Cada día vemos como crece el odio expresado en las redes sociales ante personas o instituciones por opiniones o supuestos hechos que generan hasta amenazas.
Pareciera que la intolerancia tiene espadachines que en nombre de «su verdad» someten al otro a linchamiento digital o a muerte moral olvidando que errar es de humanos y nadie está exento de cometer una “equivocación” alguna vez en su existencia.
Es como si los usuarios de las redes fueran ahora los Torquemadas que combaten las herejías de hoy convertidas en expresiones que reflejan concepciones divergentes de la vida, la política y del entorno.

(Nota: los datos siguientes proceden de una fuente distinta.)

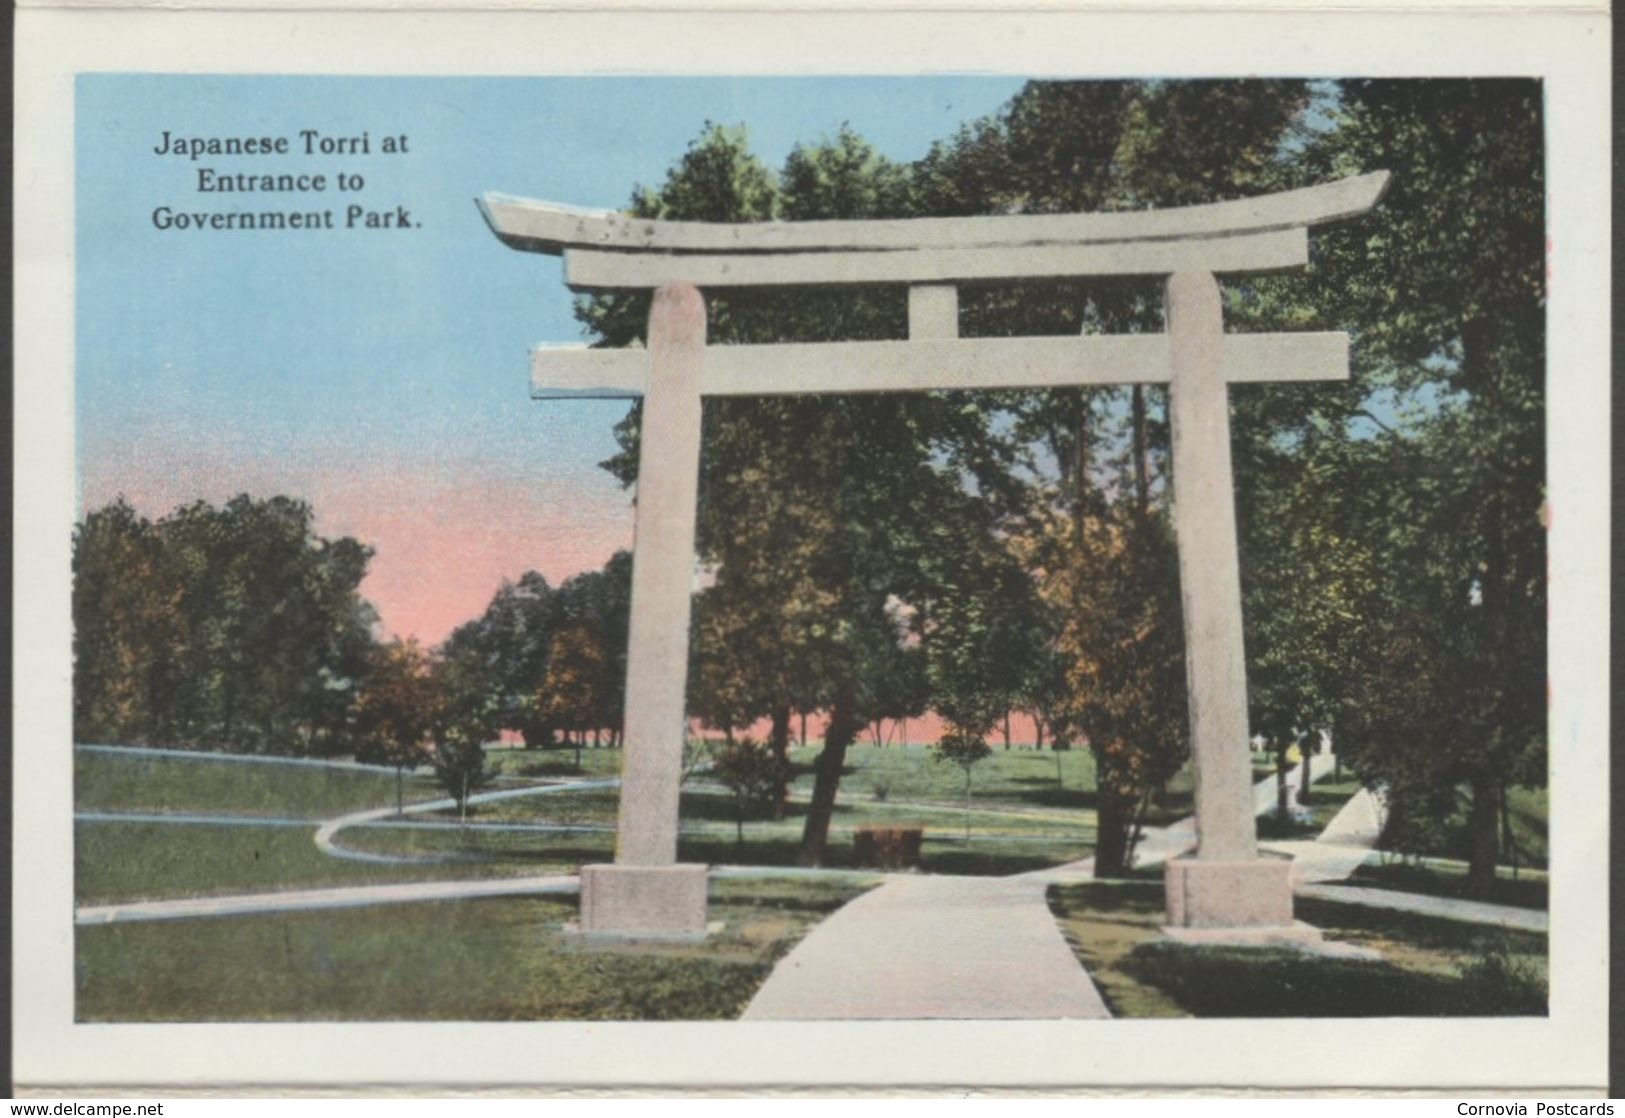 20 Souvenir Views of Sault Ste Marie, Michigan, 1916 - Postcard Views

Se está haciendo difícil tolerar los puntos de vista ajenos si son diferentes y mucho menos los desaciertos. Siempre aparecen los verdugos que quieren crucificar al otro por lo que sea, hasta por nimiedades que no debieran tener tanta trascendencia cuando hay problemas mayores a los que prestarle atención.

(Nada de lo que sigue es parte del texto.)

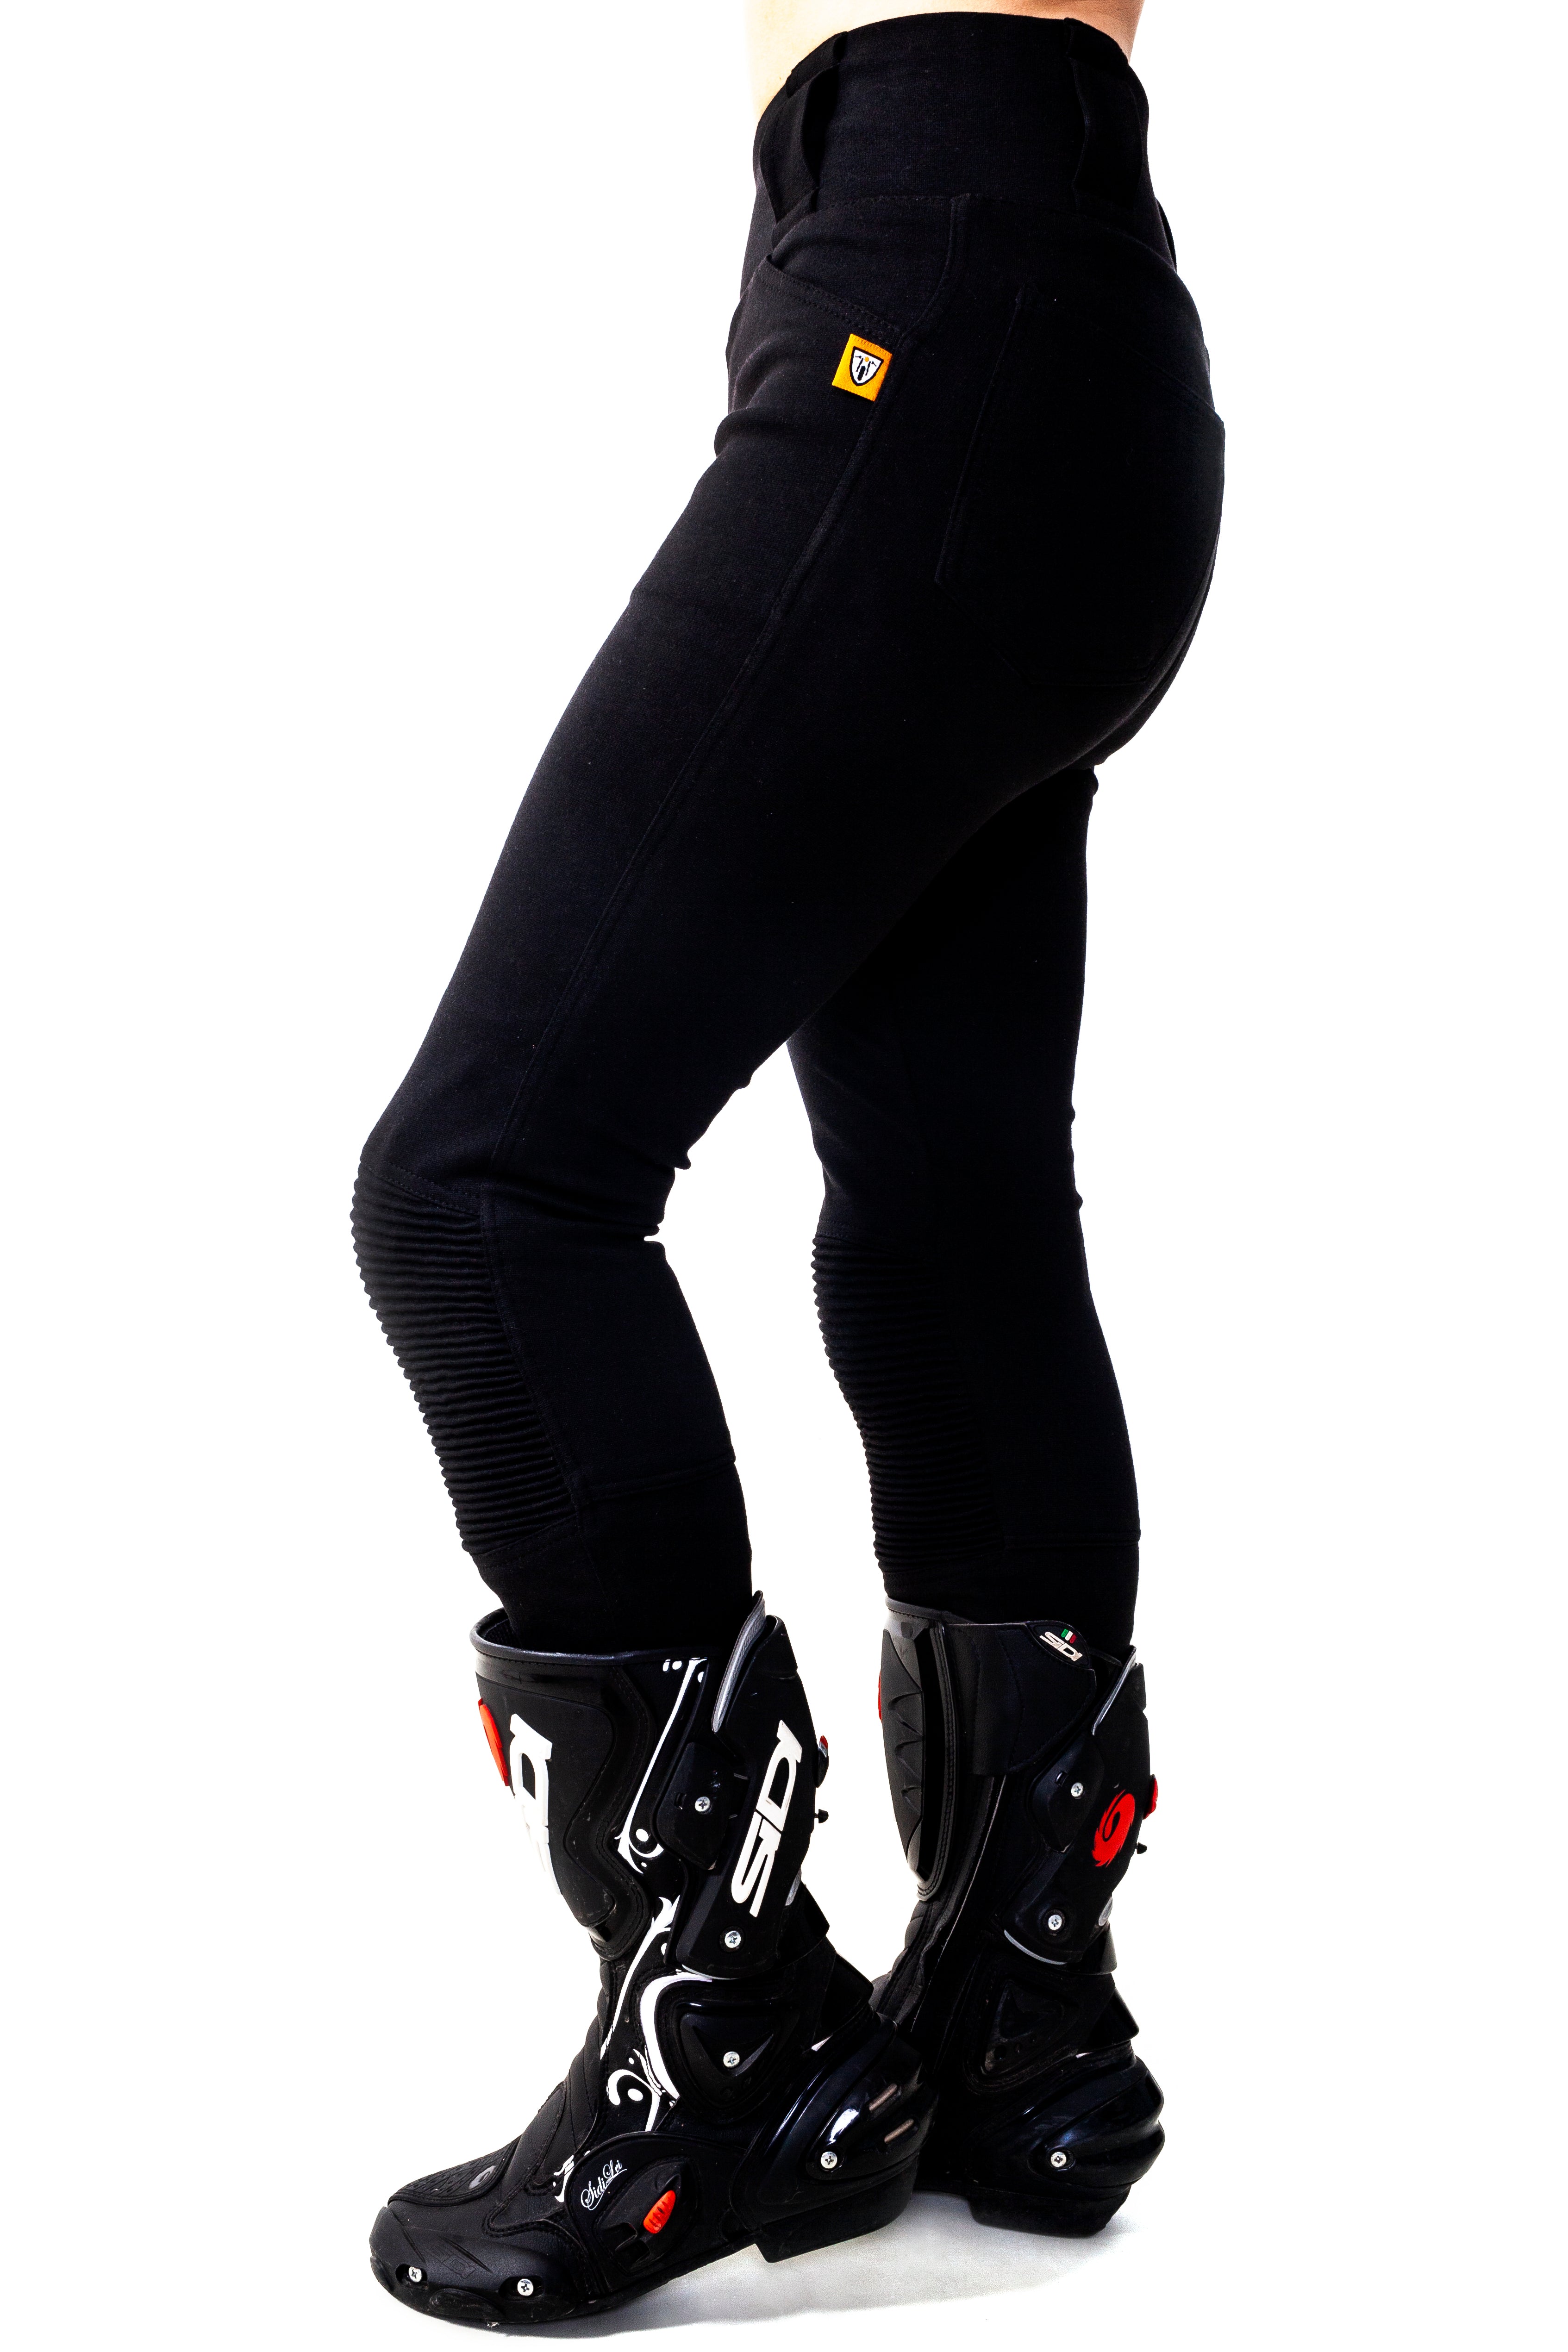 Hue Leggings Moto Mesh Active Leggings XS, S, M, XL

Cualquier error humano se convierte en tendencia, en blanco de críticas despiadadas y en causa política para desmeritar y rebajar al adversario.
Los haters de las redes sociales y sus usuarios están desnaturalizando estos medios volviéndolos espacios tóxicos y destructivos. La indignación colectiva por cualquier quítame esta paja está revistiendo el ropaje del desprecio y la insensibilidad que cada vez ganan más terreno en el mundo virtual pero que se traduce en humillación, deshonor y deshonra en la vida real.
El narcisismo, la inseguridad, la defensa exagerada de parcelas ideológicas y políticas, y el afán de sobresalir en el ciberespacio normalizan el odiar y acosar y asocian las redes a un campo de batalla donde se mata moralmente al otro por sus ideas y se conciben las propias como verdades absolutas que hay que defender como una cruzada.
El diálogo, la sana confrontación de ideas, el respeto a la diferencia y la innegociable tolerancia son esenciales para la democracia y la convivencia pacífica. Cultivar esos valores es responsabilidad de todos nosotros, en todos los ámbitos.